Community to discuss problem of racism

Published May 16, 2006 4:00am ET



A group of Anne Arundel County residents and civil rights organizations are banding together to rid their neighborhoods of racism.

The Anne Arundel County Race Relations Coordinating Council will host a town-hall meeting from 7 to 9 p.m. tonight at the South County Senior Center on Stepneys Lane in Edgewater.

Carl Snowden, aide to County Executive Janet Owens and a civil rights leader, said the meeting, the first of many to be held around the county, would give residents their first opportunity to strike back against a series of racial incidents.

“There are some unintended consequences that have occurred, namely that they are creating an image of that part of the county that race is a problem,” Snowden said.

Earlier this spring, an effigy of a black man was found hanging from a bridge in Edgewater. Last fall, neighborhoods in southern sections of the county and Annapolis were hit with fliers containing racially offensive messages. Victoria Bruce, a resident of the Riva neighborhood south of Davidsonville, was working on a public broadcast film about the friendship between two children of different races during the segregation era when hate literature was strewn across her front lawn last fall.

“You feel very violated,” she said. “How can someone with so much hate be so close to your house?”

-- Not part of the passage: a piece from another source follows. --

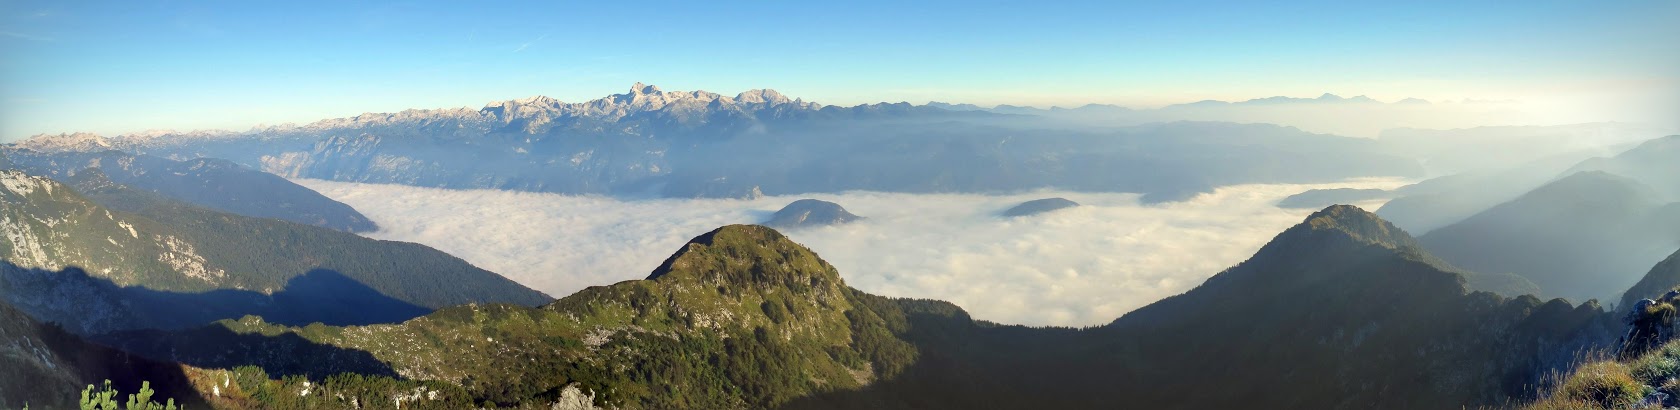  Razgledi po bohinjski dolini na megleno morje in Julijske Alpe so izredni ...

Bruce, who is white, said that experience motivated her to get involved with the town-hall meetings and propose ways the community can fight back. She has suggested posting signs throughout the neighborhood with messages such as “Compassionate Community” or “Hate-Free Zone.”

Kristin Riggin, spokeswoman for State?s Attorney Frank Weathersbee, said prosecuting perpetrators of racial incidents could be difficult, and also said engaging community members is an important part of stopping the behavior.

She said the community must also get involved to teach the younger generation “that this is hate ? that this is not truth.”